In the records below, find the line containing "disegno a linea" and the line containing "Как сделать короба". Give again exactly those lines and every line between them, omitting the pictures.

§ Source data
╭──
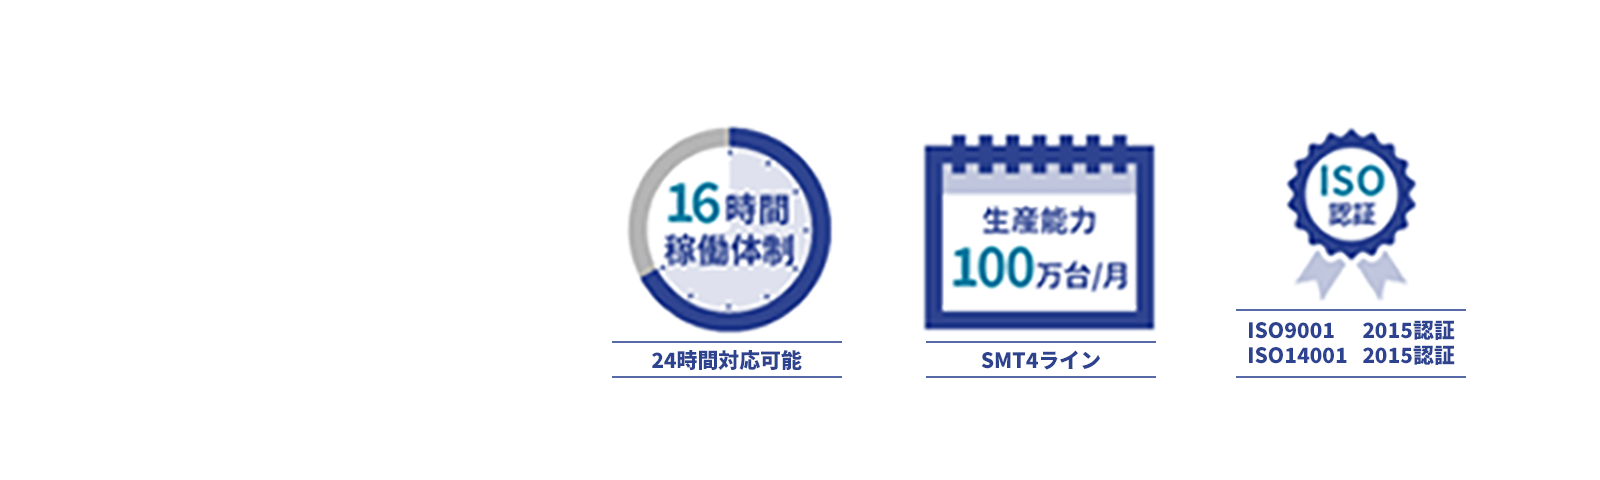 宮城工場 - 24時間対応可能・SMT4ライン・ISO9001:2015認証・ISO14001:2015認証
╰──
╭──
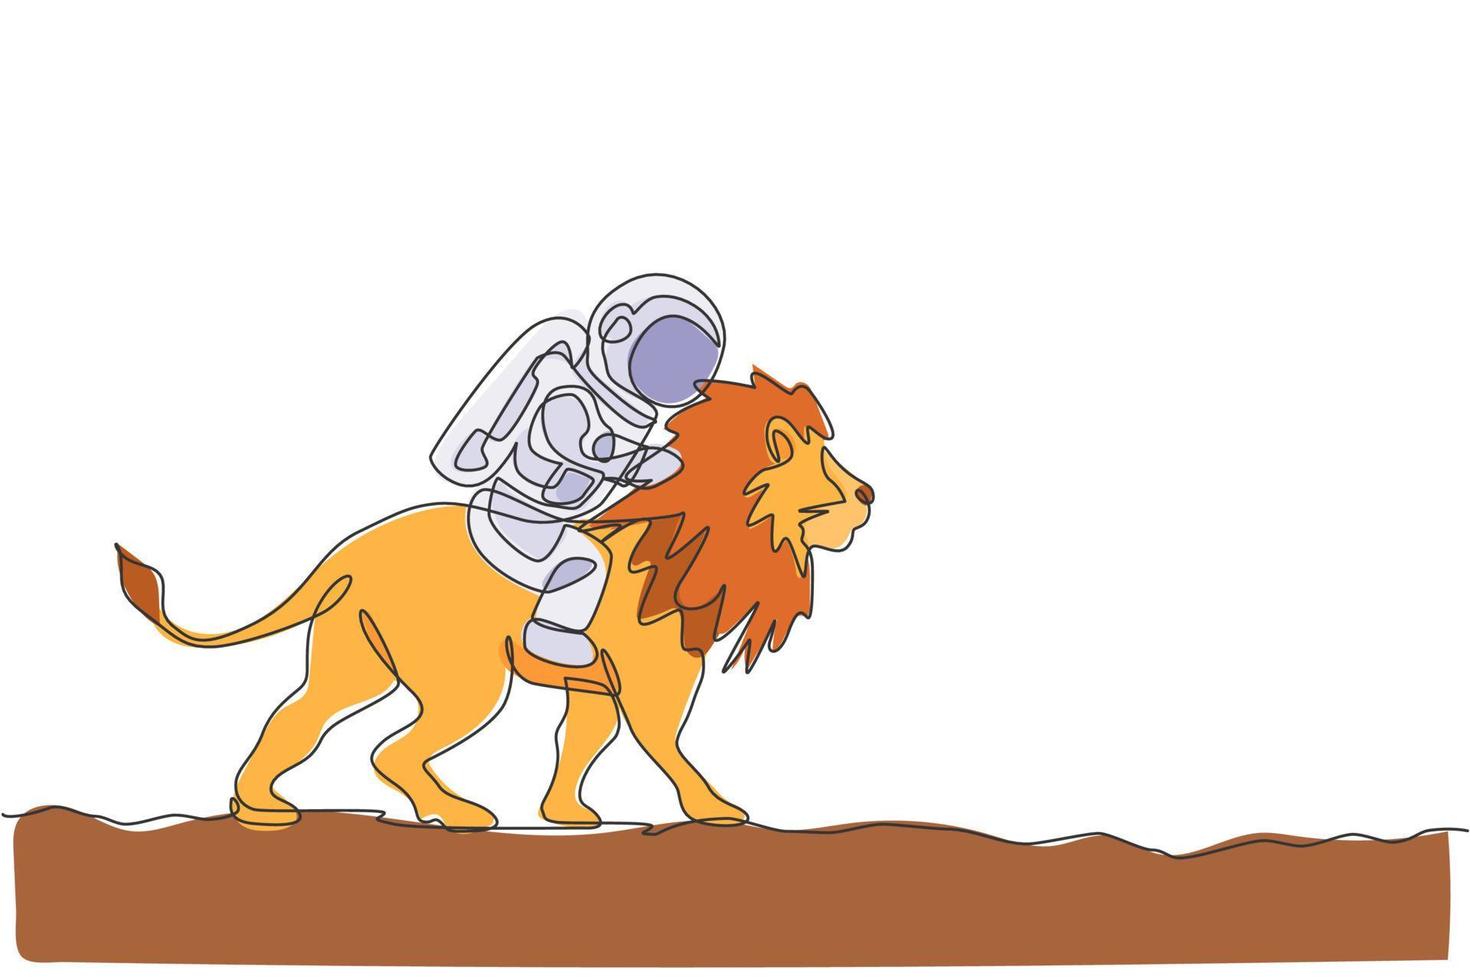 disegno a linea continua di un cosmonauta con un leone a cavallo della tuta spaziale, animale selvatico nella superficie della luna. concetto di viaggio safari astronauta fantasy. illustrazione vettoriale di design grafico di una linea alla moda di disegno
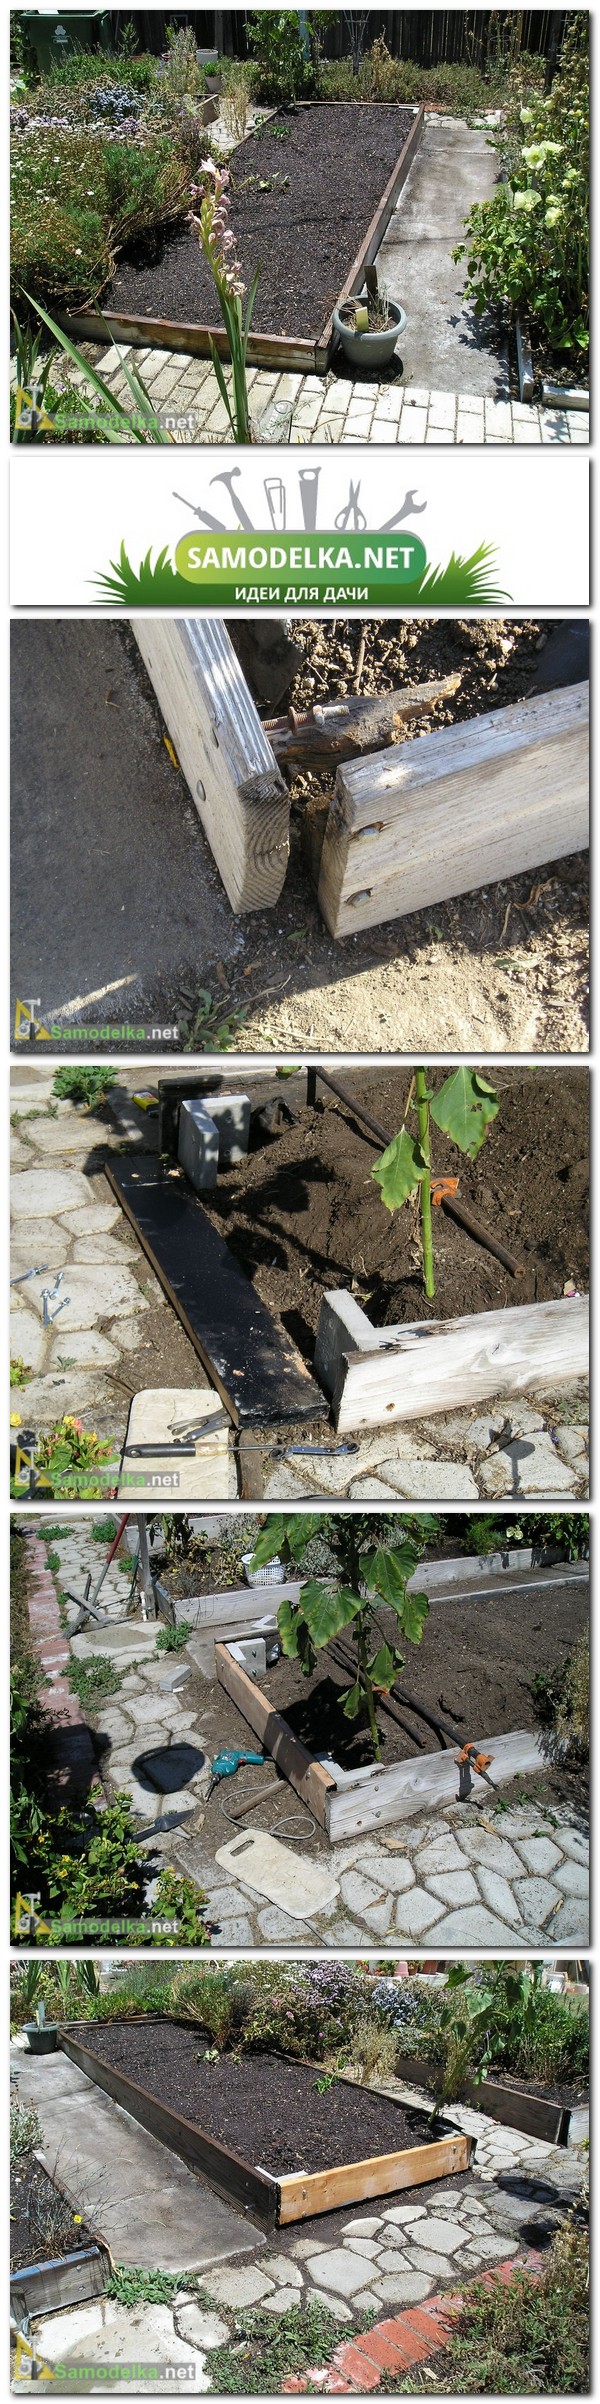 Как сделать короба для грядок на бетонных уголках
╰──
§ Written answer
 disegno a linea continua di un cosmonauta con un leone a cavallo della tuta spaziale, animale selvatico nella superficie della luna. concetto di viaggio safari astronauta fantasy. illustrazione vettoriale di design grafico di una linea alla moda di disegno
 Как сделать короба для грядок на бетонных уголках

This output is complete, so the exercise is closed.